Wade’s father—or rather, the man he’d thought was his father—was six years older than Wynona. She’d been seventeen to his twenty-three. It was a significant disparity in age, power, and life experience.
“We dated a few times. One night, he got me drunk and took advantage. I didn’t say no, but I’m not sure it matters. I wasn’t sober enough to consent.”
Wade swore under his breath, hating Boyd Hendricks with a passion.
“He apologized afterward and asked me to marry him. I refused. Then I went to Lost Lake for the summer and met Cameron.” She lifted her eyes to his slowly. “I thought I was in love with him, which makes what happened even more horrific.”
“What happened?”
“Near the end of the summer, I found out I was pregnant. We went to the swimming hole one afternoon to talk.”
“Did you know who the father was?”
“No, but I told Cameron he was the only possibility. When I suggested getting married, he laughed in my face. He said I wasn’t even girlfriend material. I slapped his face, and he…” She broke off, swallowing hard. “He backhanded me.”
Wade waited for her to continue, his throat tight.
“I was scared but I wasn’t done fighting.
I grabbed a rock and threw it at him. He started yelling about how I was a crazy bitch and he was going to kill me, so I picked up a second rock.
When he came at me again, his fist was raised.
I hit him before he could land another blow.
” Her watery gaze met his. “He fell down and never got up.”
Wade curled his own hands into fists. “What did you do with the rock?”
“I threw it in the water.”
“How did you bury him?”
“I didn’t. I was afraid to touch him, and I didn’t think I could drag him anywhere. He was too heavy.”
“You got help,” he said.
“I called Boyd. For all his faults, he loved me.”

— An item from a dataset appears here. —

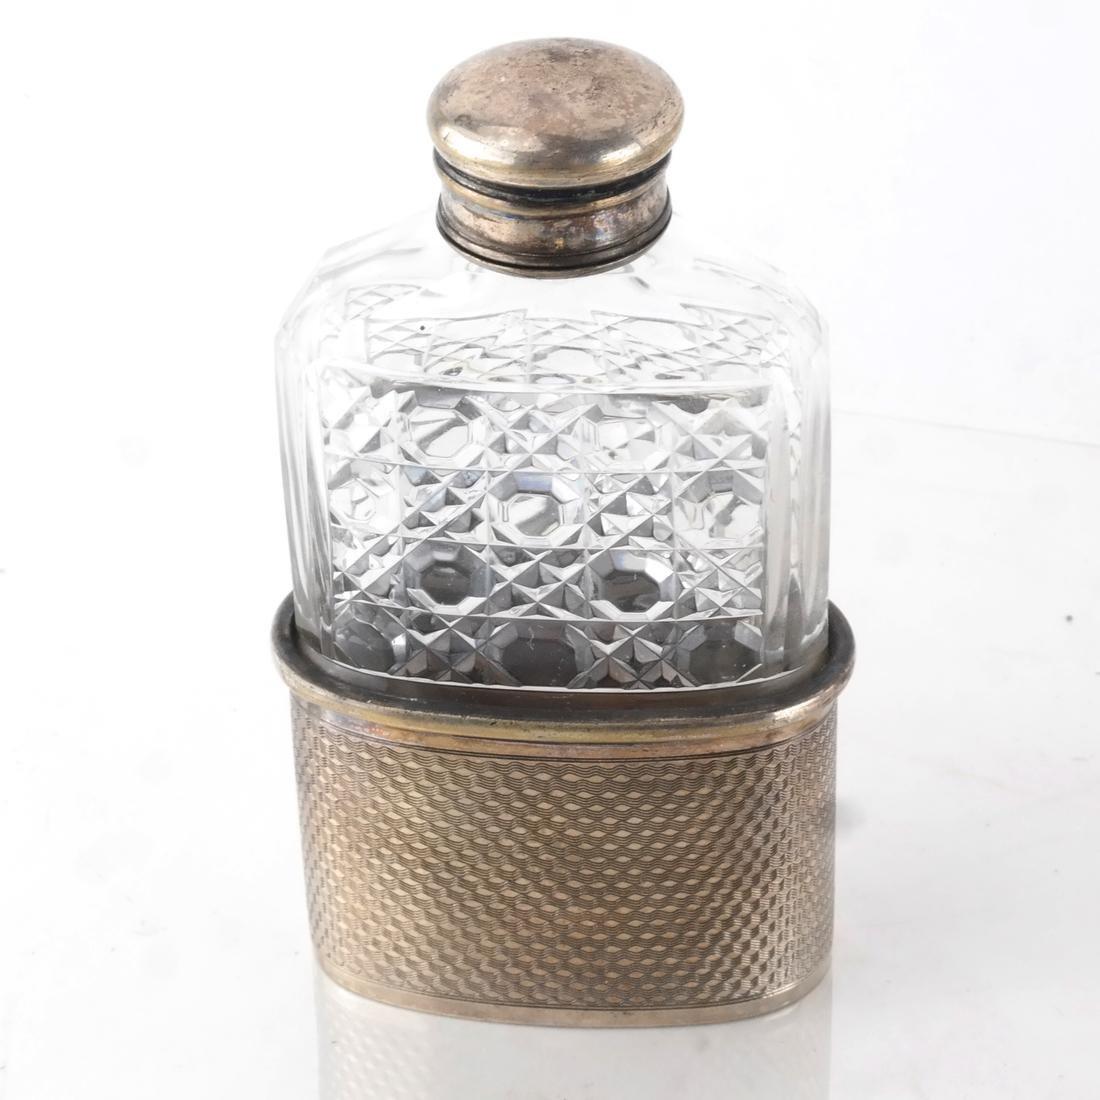 Asst. Silver Pin Trays, Receivers, Flasks - 6
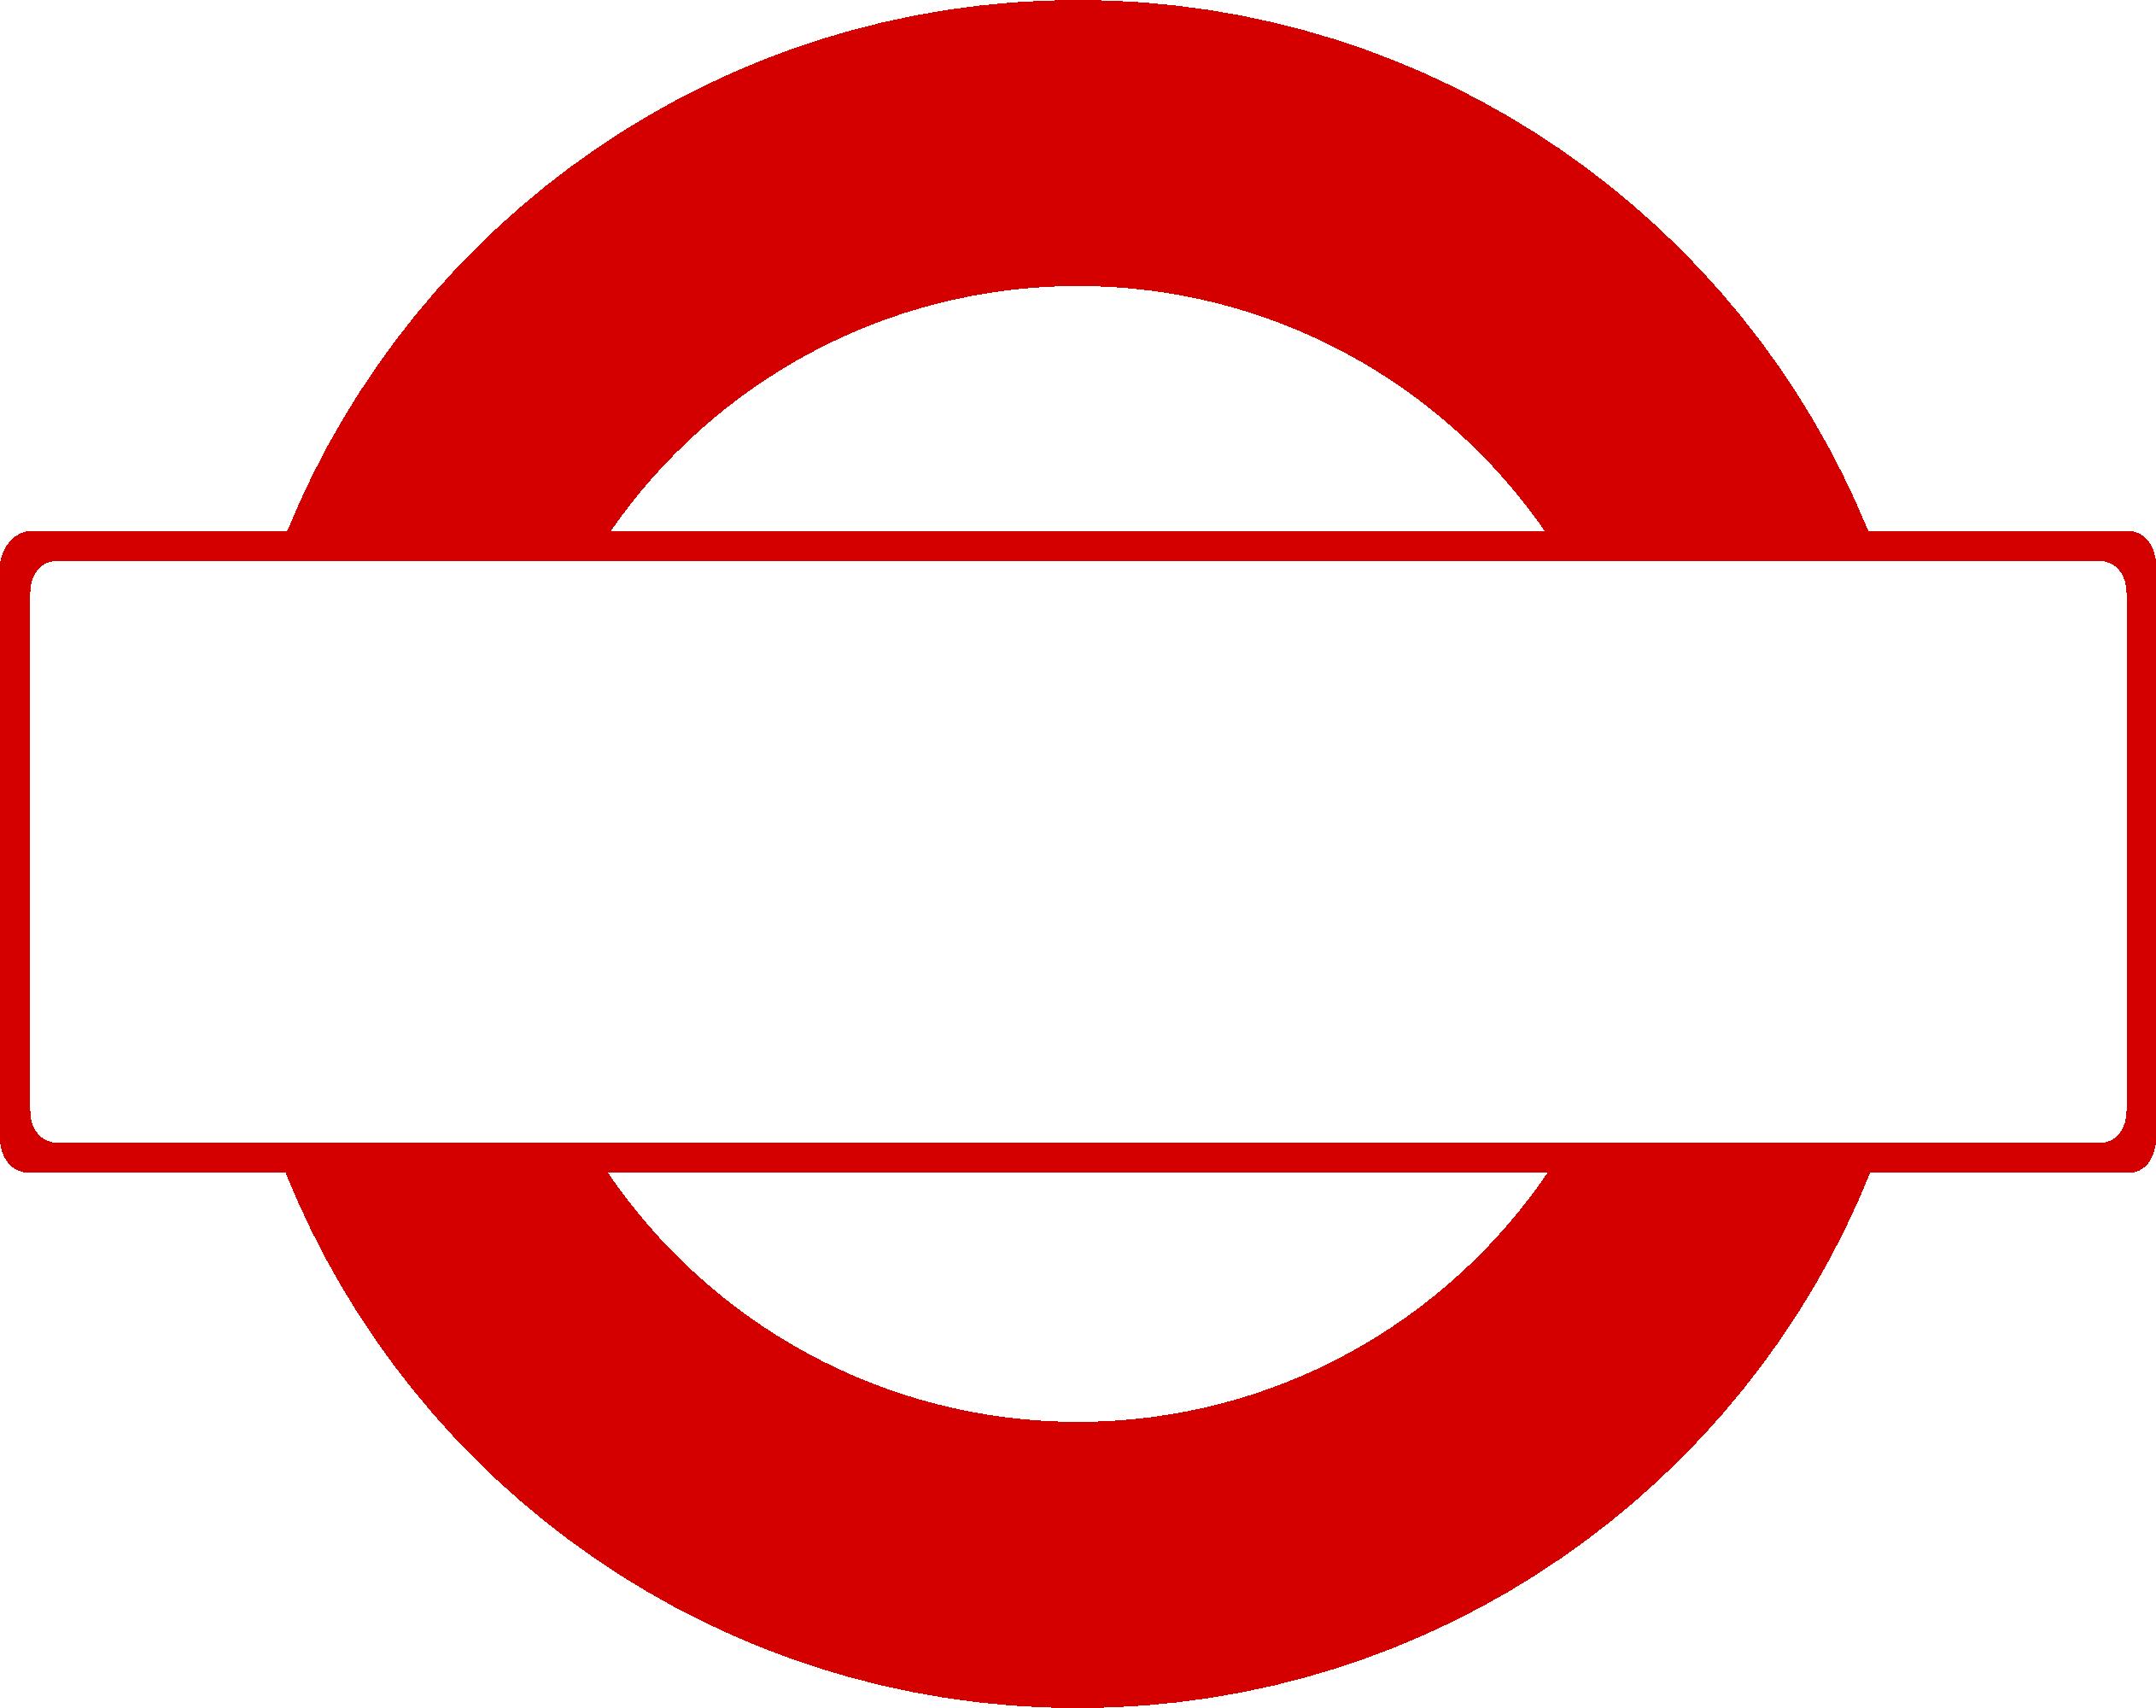 20 Red Empty Stamp Vector (PNG Transparent, SVG).

Wade cringed at the words he’d spoken last night, still horribly true.
“He agreed to come to Lost Lake and get rid of the body. I agreed to marry him and have the baby.”
“That is so fucked up,” Wade said.
She gave him a wobbly smile. “Yes.”
Wade couldn’t have imagined a worse origin story.
He wanted to tell his mother that she was brave, and that Pickett had gotten what he deserved, but those reassuring statements wouldn’t form on his lips.
He rose from the chair, his stomach roiling.
“Human remains were found by the lake after the tornado.”
“I know. Mary told me.”
He went to the sink and stared out the kitchen window. “The circumstances were suspicious enough to warrant an investigation. I opened it myself. I recommended a wrongful death determination.”
“Are you going to arrest me for murder?”
“Of course not.”
“And he hasn’t been identified?”
“Not yet.”
“Then what’s the problem?”
He turned to look at her. “The problem is that someone else might connect the dots, and I can’t stop them. I’m not in charge of the investigation anymore.”
“What do you mean?”
“I was taken off the case this morning.”